El mismo día se accidentó una avioneta en Arequito, en el sur santafesino, con otros 60 kilos acondicionados de igual forma. En la audiencia de formalización realizada ante el juez federal de Garantías de Rosario, Carlos Vera Barros, fue Álvarez quien solicitó la prisión preventiva para los cuatro imputados. “Estamos frente a un hecho complejo vinculado al crimen organizado, en conexión con varios países de la región, no es un hecho aislado, es algo extendido en el tiempo”, sostuvo en la audiencia. El fiscal describió una asociación ilícita transnacional que introducía droga desde países limítrofes mediante aeronaves privadas sin plan de vuelo, valiéndose de pistas clandestinas en campos del sur santafesino. El juez hizo lugar al pedido y dispuso la prisión preventiva por 180 días para todos los acusados.
Antes, Álvarez había intervenido en una causa de alcance internacional con centro en Buenos Aires: el caso Goldpharma. La investigación se inició a partir de información que la DEA remitió a la PROCUNAR sobre una red de farmacias online radicadas en Argentina que comercializaba sin autorización sustancias controladas —oxicodona, hidrocodona, codeína, anfetamina, metilfenidato y otras— en el mercado estadounidense, con insumos provenientes de Rumania, India y Singapur. La pesquisa se orientó a rastrear cómo esas ganancias ilegales ingresaban al sistema financiero local. Álvarez recibió las declaraciones de arrepentidos de los imputados Rodrigo Ferrari y Hernán Tomaghelli, propietarios de la financiera DTS Consulting y del Grupo Smile respectivamente, quienes reconocieron los hechos. El mecanismo era el sistema informal de transferencia de valores conocido como “hawala”. El juicio terminó con condenas a tres años de prisión y el decomiso de más de 1,3 millones de dólares.

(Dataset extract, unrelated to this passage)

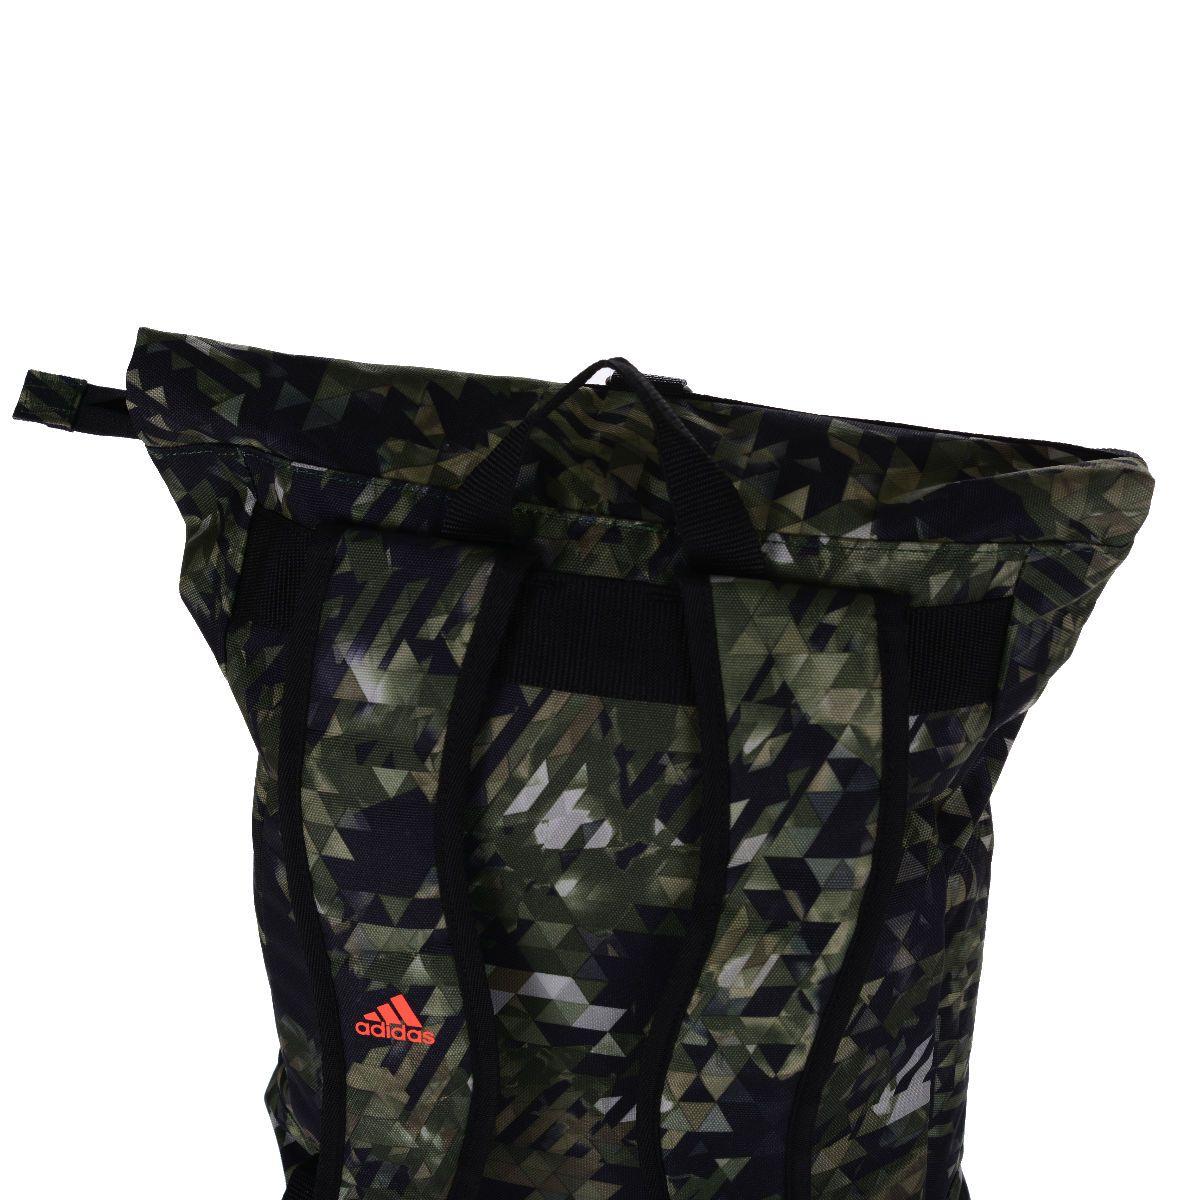 Mochila adidas Karate Camuflada Verde/Laranja - 10 Litros

También intervino en la investigación de un clan familiar de Salta que operó desde 2011 organizando envíos de hasta 100 kilos de cocaína adquirida en Bolivia hacia distintas provincias. La causa incluyó lavado de activos. El Tribunal Oral Federal N°2 de Salta condenó a seis integrantes a penas de hasta 13 años de prisión. En esa misma órbita geográfica, Álvarez actuó como auxiliar fiscal en la imputación del empresario boliviano Jorge Adalid Granier Ruiz, procesado por haber organizado el transporte en avioneta de 389 kilos de cocaína que ingresó al país y fue resguardado en una finca de Ibarlucea, en la provincia de Santa Fe, antes de ser distribuido hacia grupos criminales de Rosario.
El perfil se completa con una causa en el Bajo Flores porteño: junto al fiscal federal Eduardo Taiano, Álvarez pidió prisión perpetua para dos integrantes de una organización narcocriminal que operaba en el ex barrio 1-11-14 y asesinaron a un rival en una disputa territorial por el control de la venta de drogas en la zona.
El nombramiento formal de Álvarez al frente de la UIF no es inmediato. El proceso administrativo requiere la publicación de una resolución en el Boletín Oficial, la presentación de declaraciones juradas del candidato, un período para recibir adhesiones y objeciones, y recién entonces la designación oficial. El propio ministro Mahiques reconoció que los tiempos pueden demorarse varios meses.
La UIF que recibirá Álvarez no atraviesa un momento sencillo. El organismo está acéfalo desde la salida de Paul Starc, a comienzos de año, y pasó fugazmente por Gaspari antes del nuevo cambio. Además, enfrenta una evaluación del Grupo de Acción Financiera Internacional (GAFI) y está en el centro de la disputa del gobierno con la Asociación del Fútbol Argentino, tras los intentos de la IGJ de supervisar las finanzas de la entidad. Para esa tarea —monitorear flujos financieros opacos, estructuras de lavado, conexiones entre el crimen organizado y el sistema bancario— Mahiques eligió a alguien que conoce la cocina de las organizaciones narcocriminales desde adentro de las causas.